* _YOUR GOAL_: The entries below contain pictures. Write out only the lines from the line with "Décor-pierre Combo-Lava L" up to and including the line with "Louis Vuitton Red", exactly, without them.

[[ SOURCE MATERIAL, beginning ]]

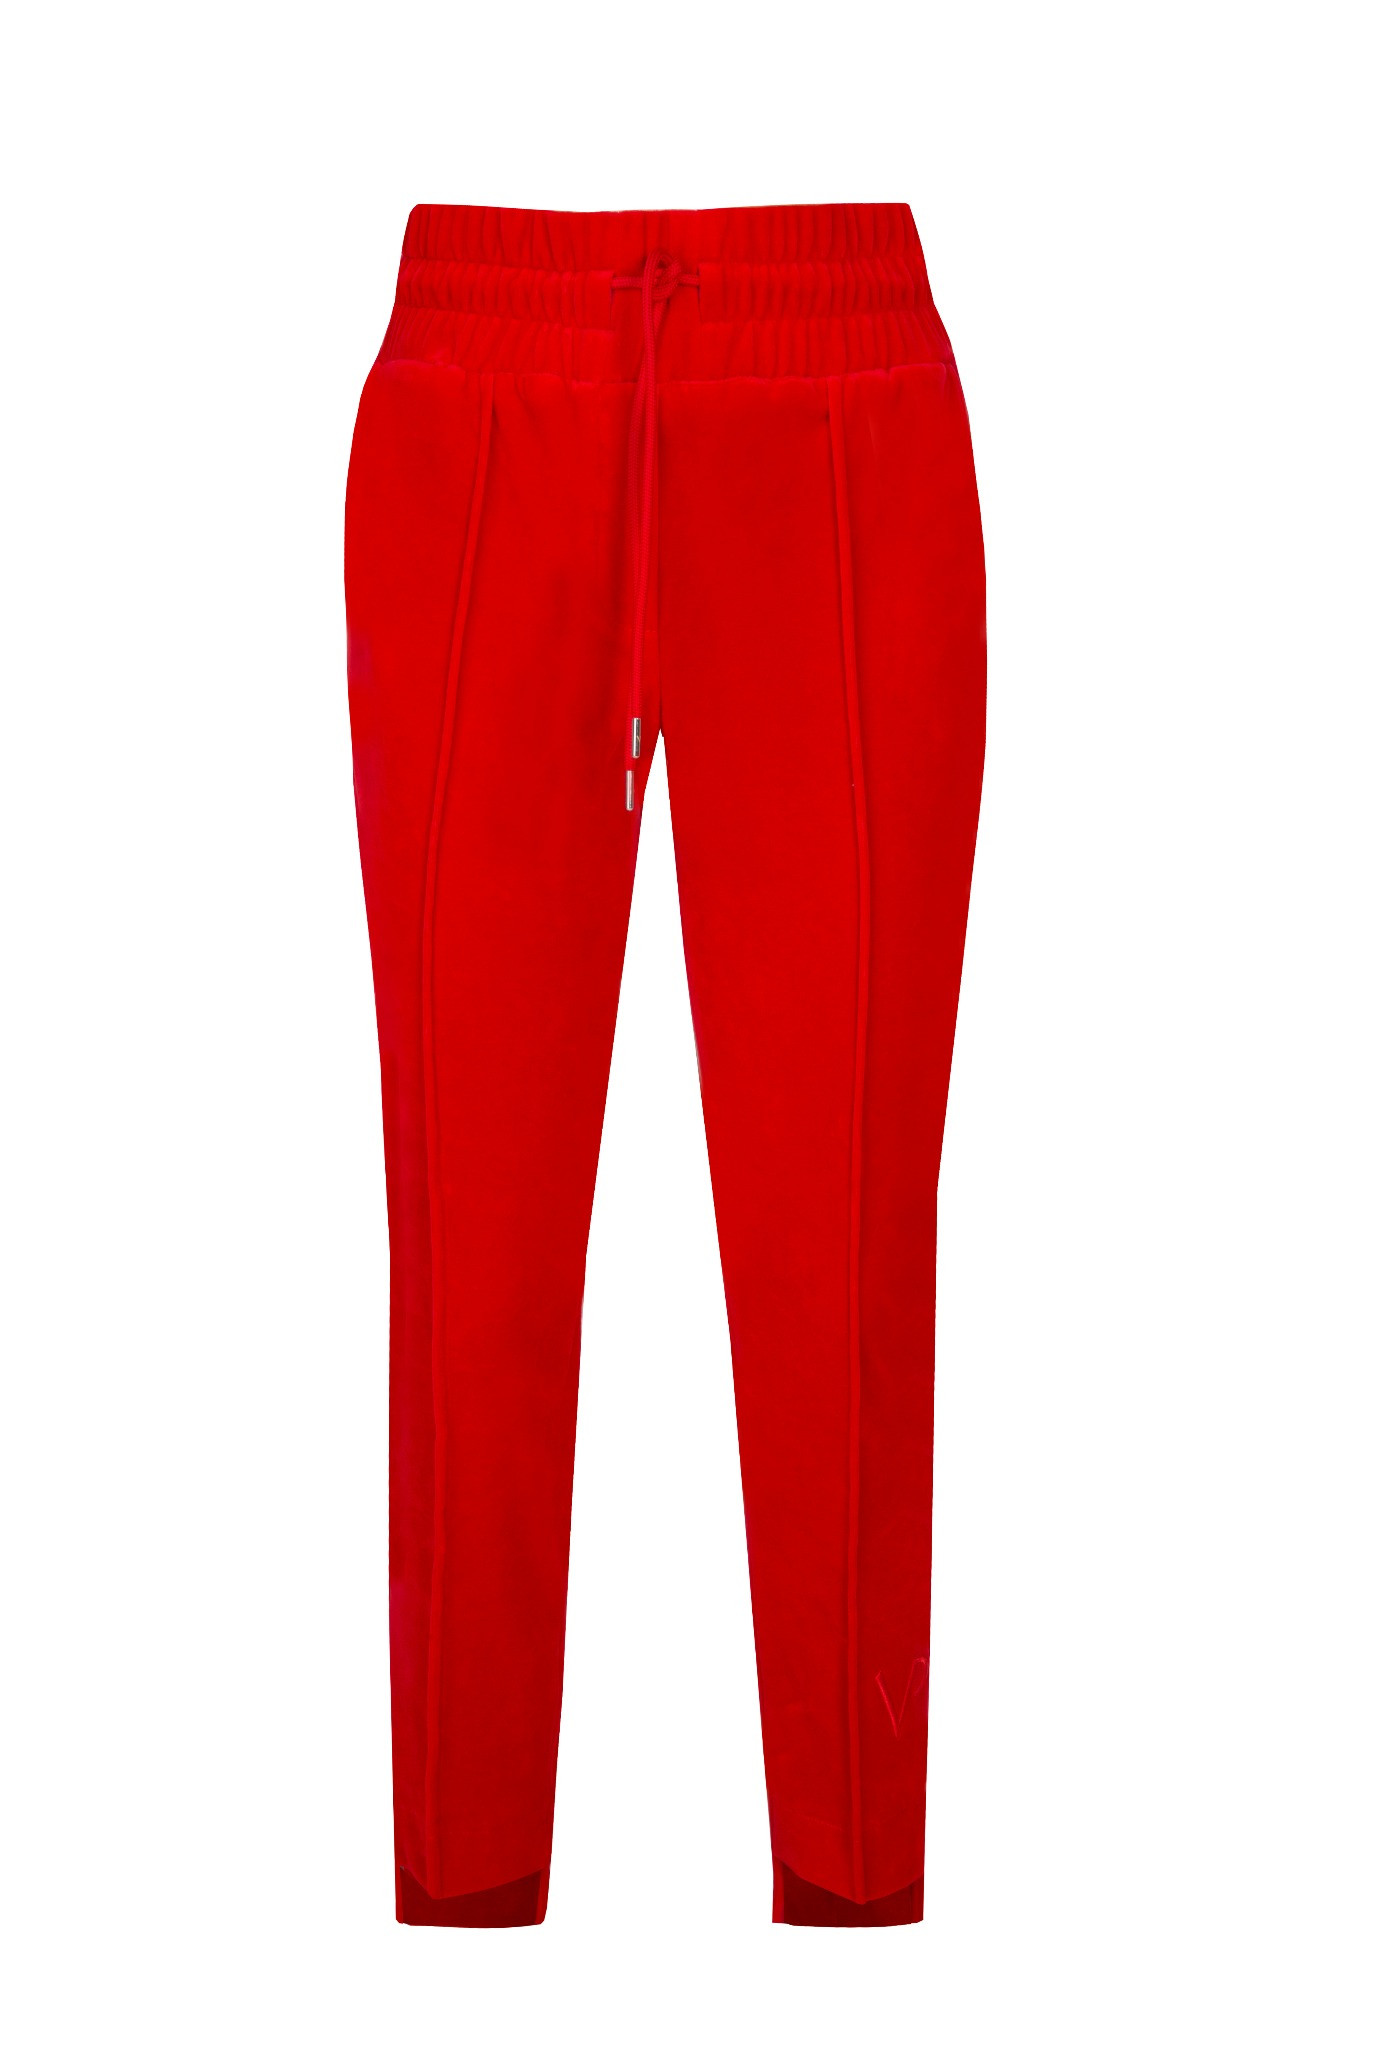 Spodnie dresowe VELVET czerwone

[[ SOURCE MATERIAL, end ]]
[[ SOURCE MATERIAL, beginning ]]

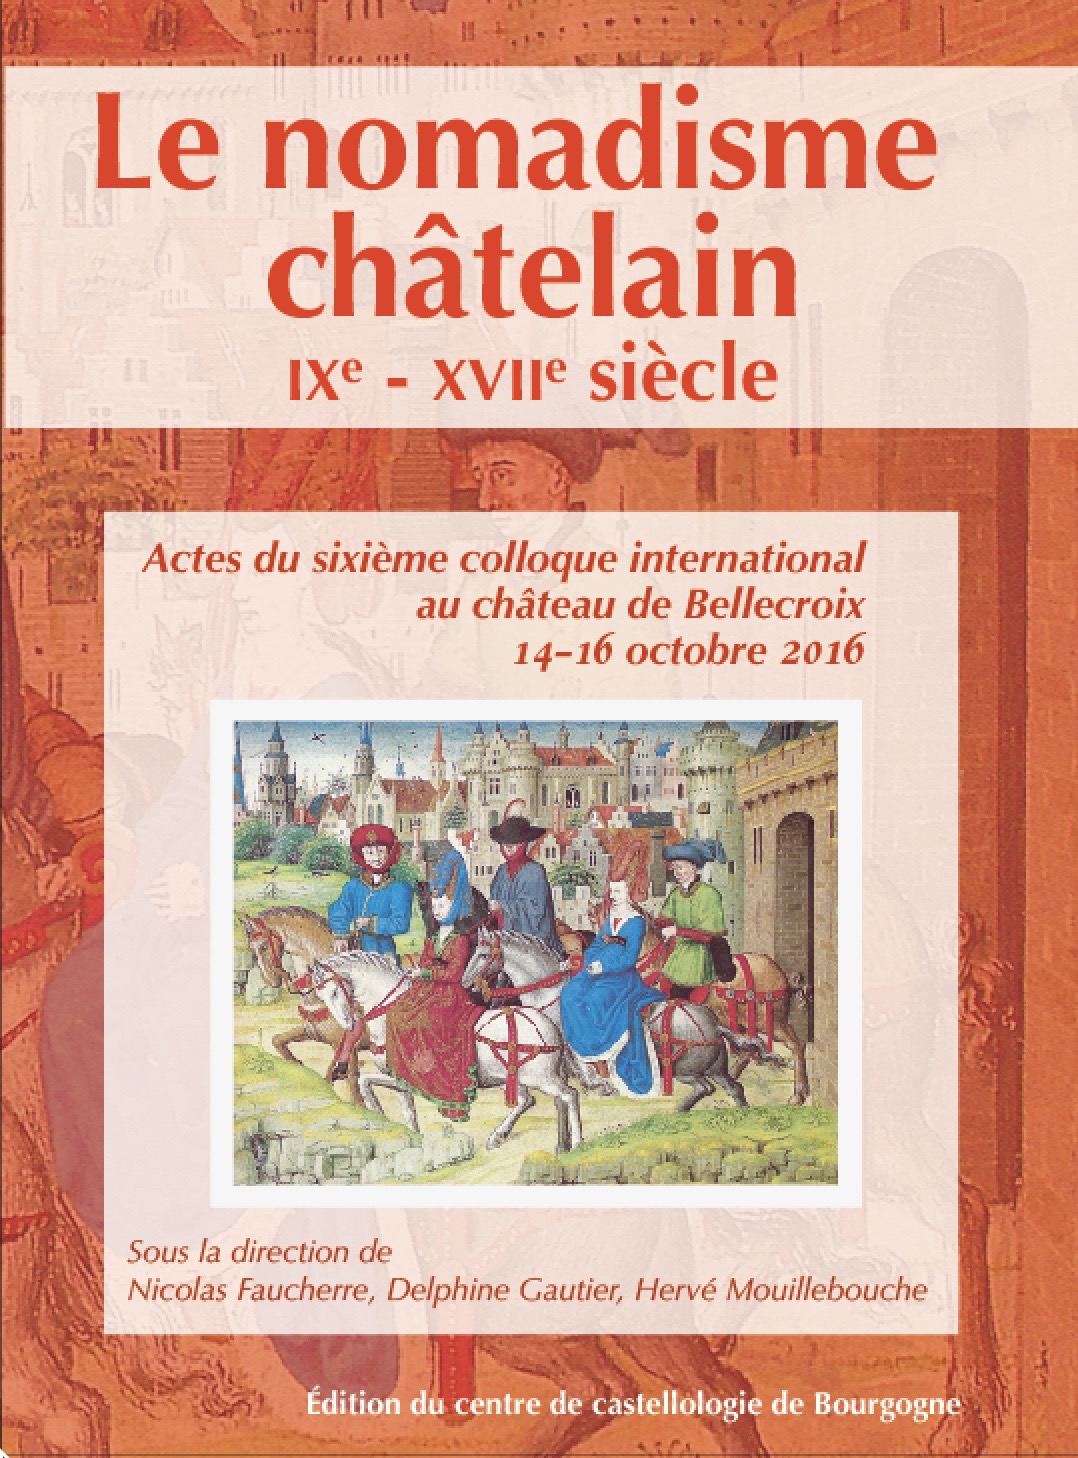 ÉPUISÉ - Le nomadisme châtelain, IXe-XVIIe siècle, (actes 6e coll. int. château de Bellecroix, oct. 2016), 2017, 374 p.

[[ SOURCE MATERIAL, end ]]
[[ SOURCE MATERIAL, beginning ]]

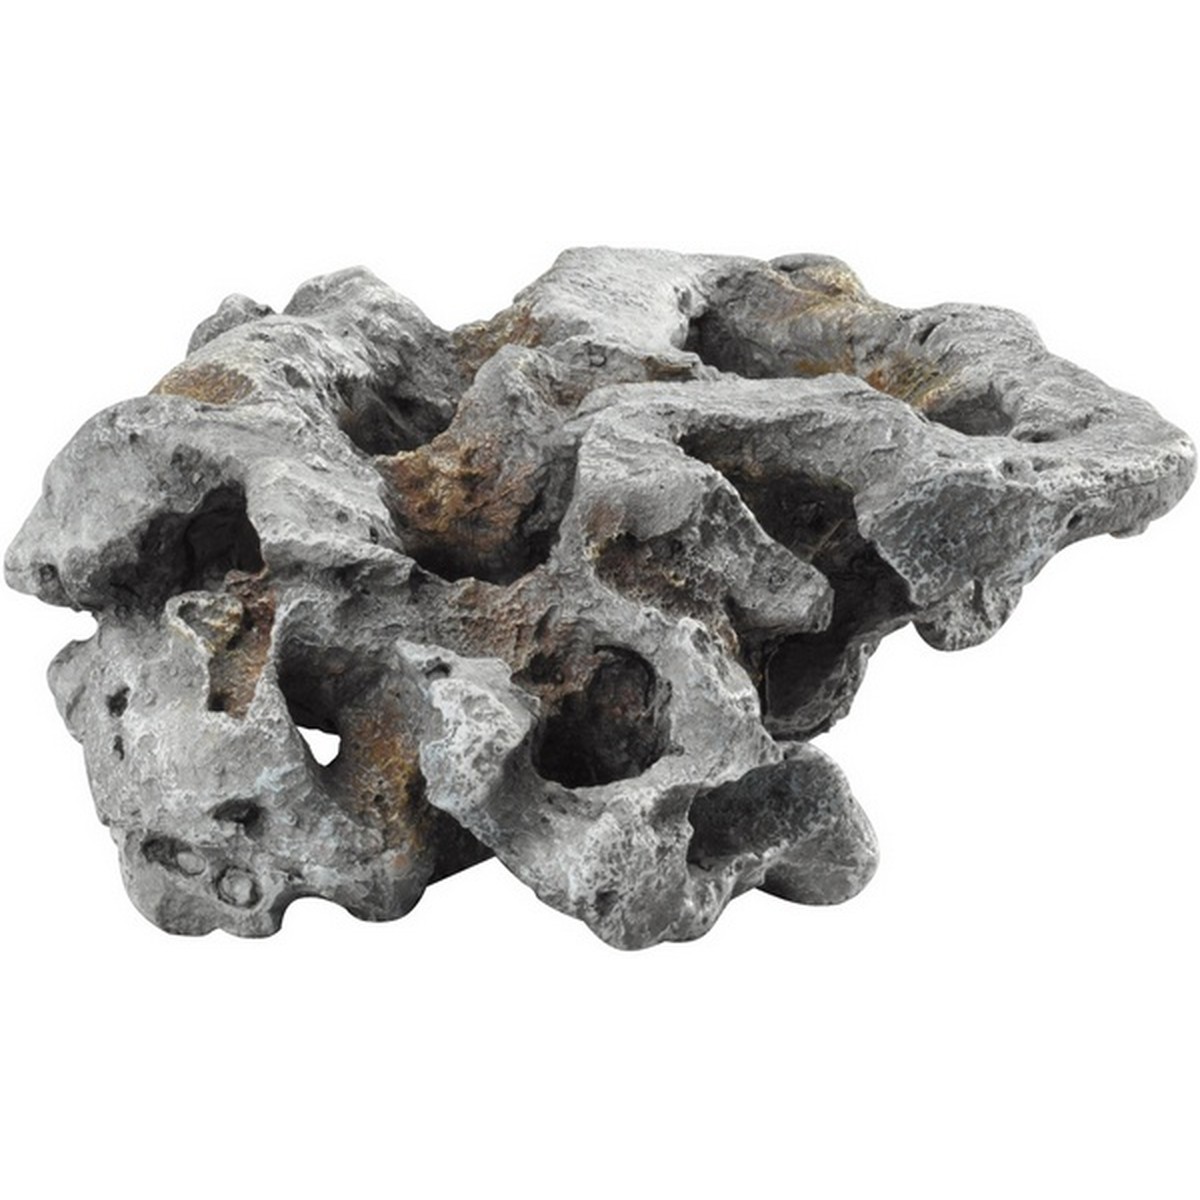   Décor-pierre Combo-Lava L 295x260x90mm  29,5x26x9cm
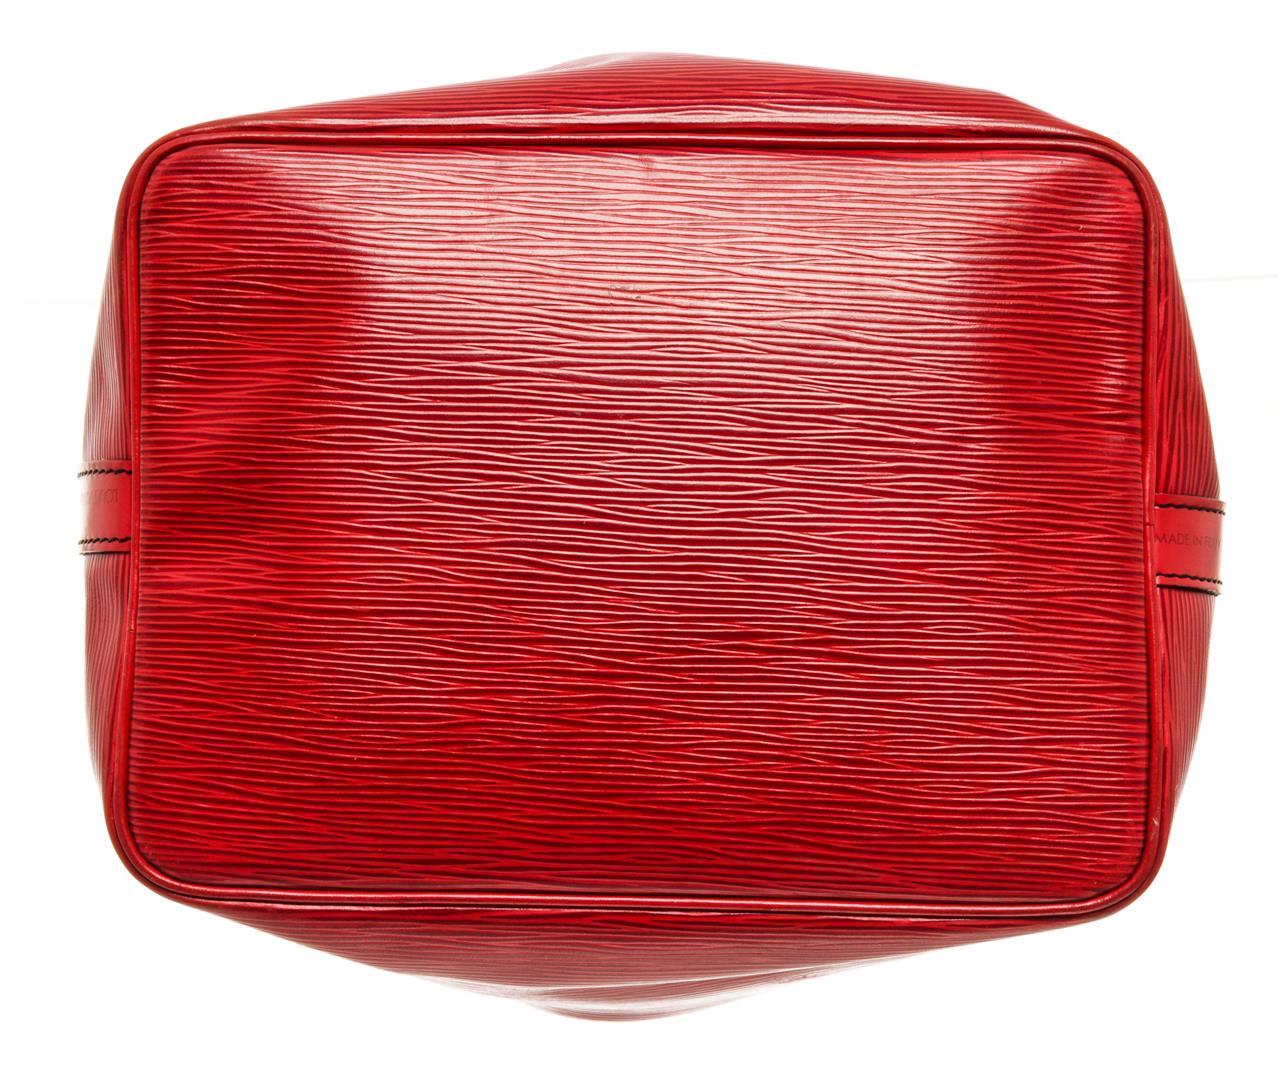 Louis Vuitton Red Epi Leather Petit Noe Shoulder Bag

[[ SOURCE MATERIAL, end ]]

* _RESULT FOR THIS TASK_:
   Décor-pierre Combo-Lava L 295x260x90mm  29,5x26x9cm
 Louis Vuitton Red Epi Leather Petit Noe Shoulder Bag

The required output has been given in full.